DM: On the Internet he is being called the Churodey.[1]
MG: I can think of a few other names he could be called. He kept repeating, ‘We will be holding the very fairest of elections.’ He seems to have convinced himself of that and tried to get the public at large to believe it. I believe he managed to fool the president.
DM: You mean Churov was the hatchet that laid himself under Dmitry Medvedev’s compass and threw him off course?
MG: You ask such difficult questions!
DM: What is so difficult about it? Medvedev, whom I greatly respect, suddenly turned up in charge of United Russia, and it was United Russia that was having all those votes attributed to it.
MG: I do not believe he knew everything that was going on. He does not yet have enough experience for that. You need to go through a lot, get bumps and bruises, and even wounds, before you understand quite how all that gets done. What was it he said exactly?
DM: He congratulated United Russia on getting over the threshold to be admitted to the Duma.
MG: But in the press he said, ‘I have no comments or doubts about the elections.’ At that point, I think Dmitry Anatolievich did himself no good at all.
DM: I feel sad about that.
MG: So do I. He just needed more time. Now he is in a difficult situation. People are laughing at him. Well, he will just have to learn to put up with that too.
DM: But to come back to your call to annul the election results. Does that still stand? Or is it already unrealistic?
MG: It stands! Even our cleverest friends are saying, ‘No, it’s over, it’s not going to happen.’ But it is not over, because how could a Duma elected that way be allowed to sit for five years during such a historically difficult period? You have to tell the people the truth, because you cannot build a relationship on lies. Solzhenitsyn was absolutely right when he said, ‘You cannot build the future on lies.’ And the question we are facing is precisely about the future: what is going to happen in these coming five years?
DM: Are we or are we not going to build Russia’s future on a lie? Is that how you would formulate the question?
MG: Precisely.
DM: Medvedev has said he is satisfied with the election results. Putin has said the question of annulment is not even being considered, and that it is not decided at protest demonstrations or on the Internet. In that case, who was given the ultimatum from Bolotnaya Square to annul the elections?
MG: The state authorities.
DM: On Echo of Moscow radio and in Novaya Gazeta you said annulment of the election results should be initiated by the authorities, but they have refused. So where do we go from here?
MG: Frankly, I was looking for a way to hand the initiative to them, to let them do it themselves.
DM: But they have refused. The two weeks they were given by Bolotnaya Square have passed. Are you proposing to appeal to them again?
MG: I am not yet making any proposals. We have not reached that point. In the first place, those two weeks between 10 and 24 December have taught us many lessons.
DM: Like what?
MG: About Russia, about the regime, about society. Society is being renewed, it is changing!

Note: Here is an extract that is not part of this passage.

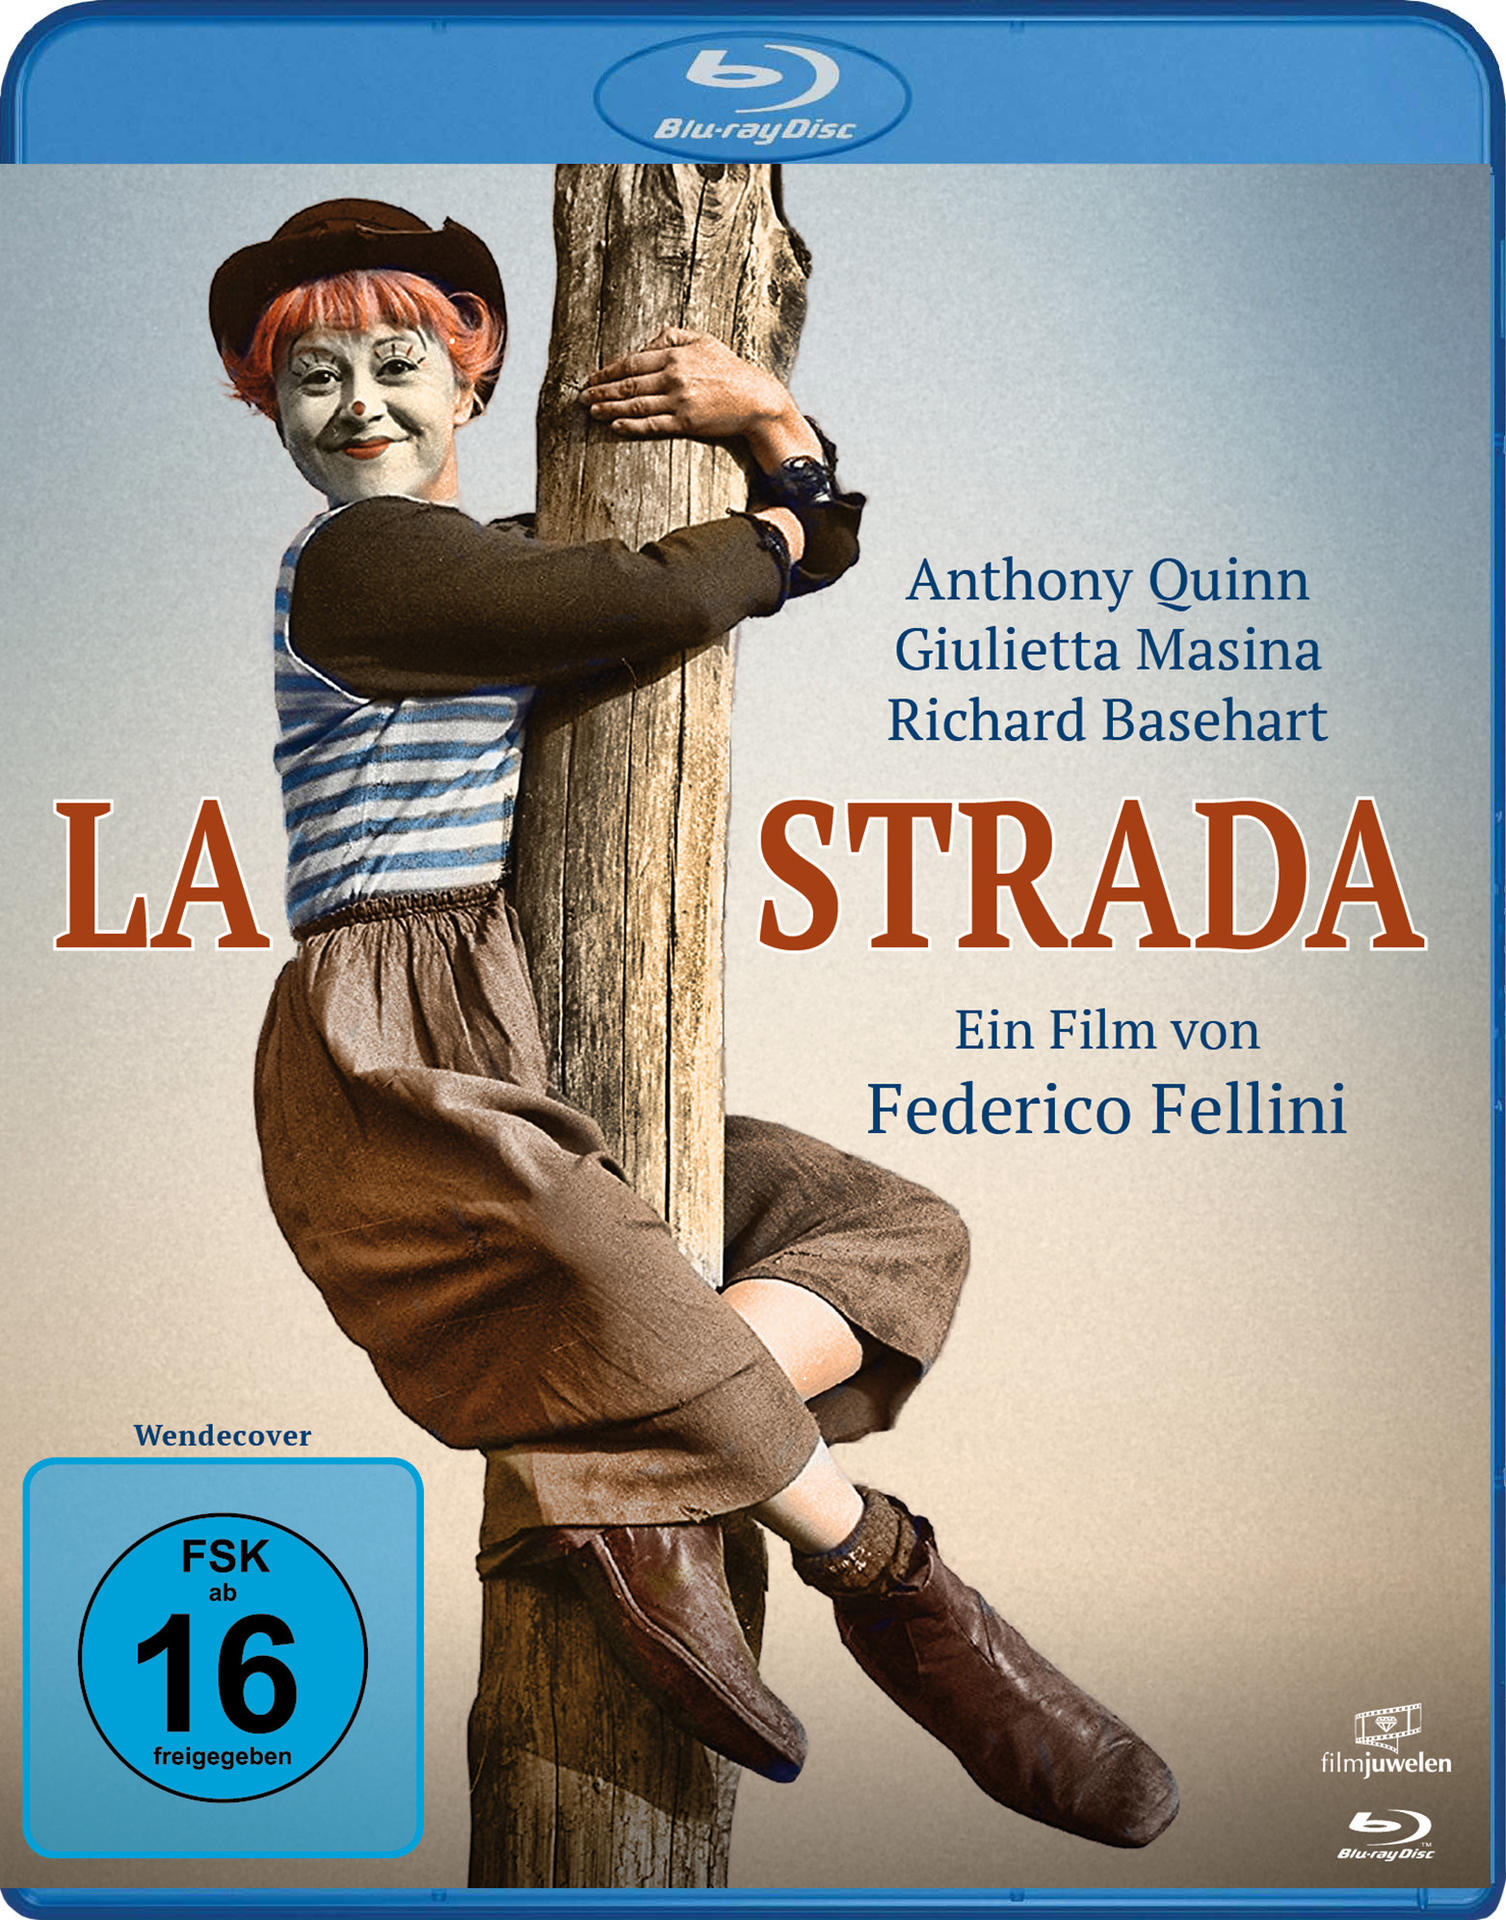 LA STRADA-DAS Blu-ray LIED DER STRASSE
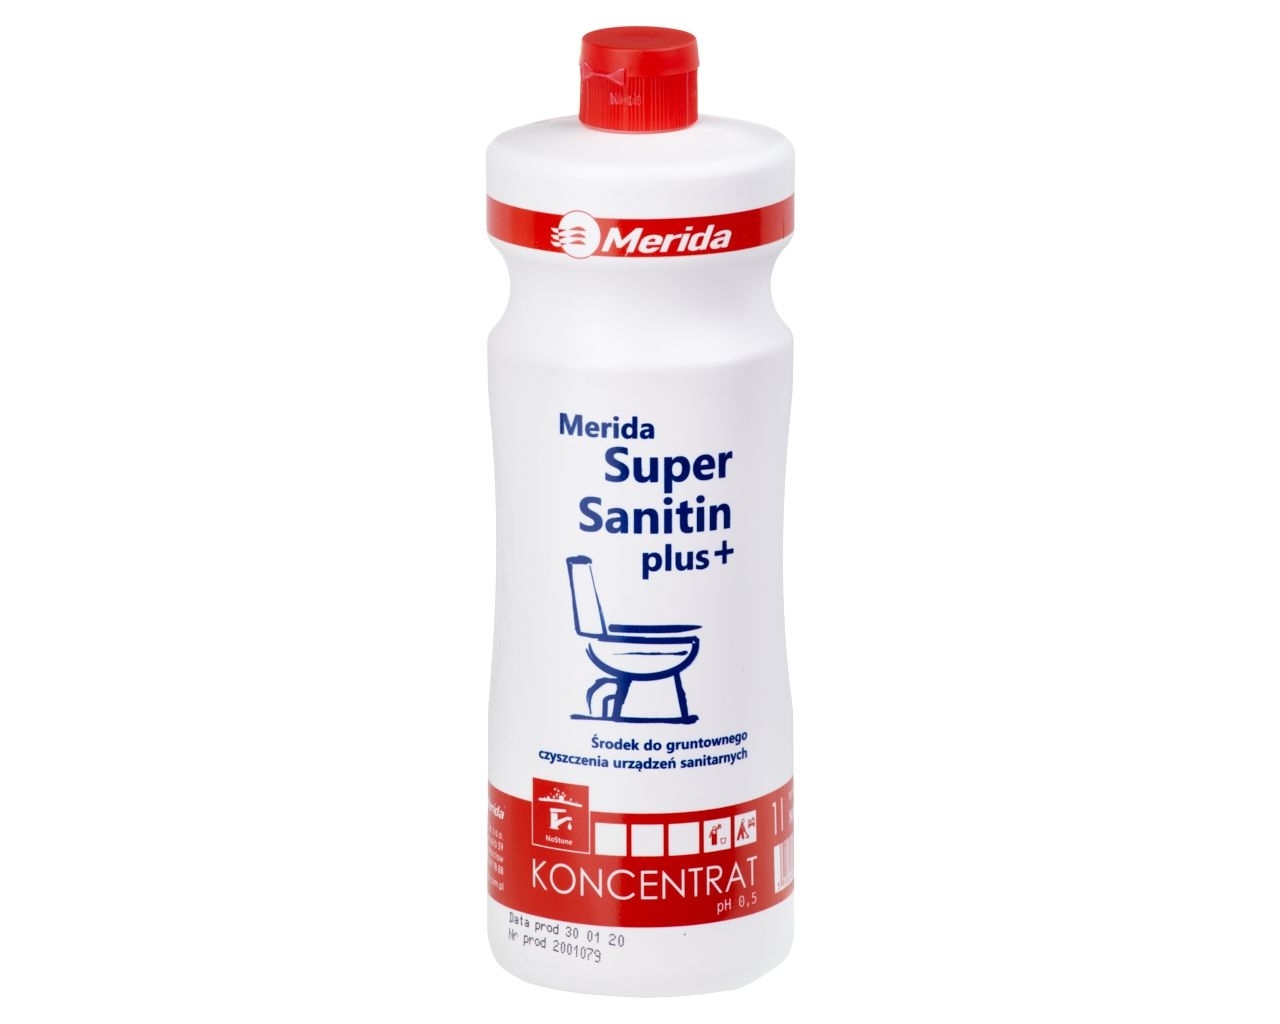 MERIDA SUPER SANITIN PLUS+ Środek do gruntownego czyszczenia urządzeń sanitarnych, butelka 1 l

DM: Can we take pride in it again?
MG: It has spoken!
DM: I was certainly proud of what I saw at Bolotnaya. What faces! I recognize them: those are our readers! I was so pleased.
MG: That is the first thing. We saw our own country, our own people. And again they were saying, ‘This is no way to live!’, with the people debarred from deciding the country’s future because they are supposedly completely hopeless.
DM: Well, evidently Stanislav Govorukhin thinks this is just the right way to live. He agreed to head the election campaign of Vladimir Vladimirovich Putin.
MG: I can only express regret. I do not just respect him, I consider him a friend. He will have to sort all that out for himself.
DM: Still, what do you think people should do on 24 December? MG: I think the most important thing is to link this with the campaign for the presidency.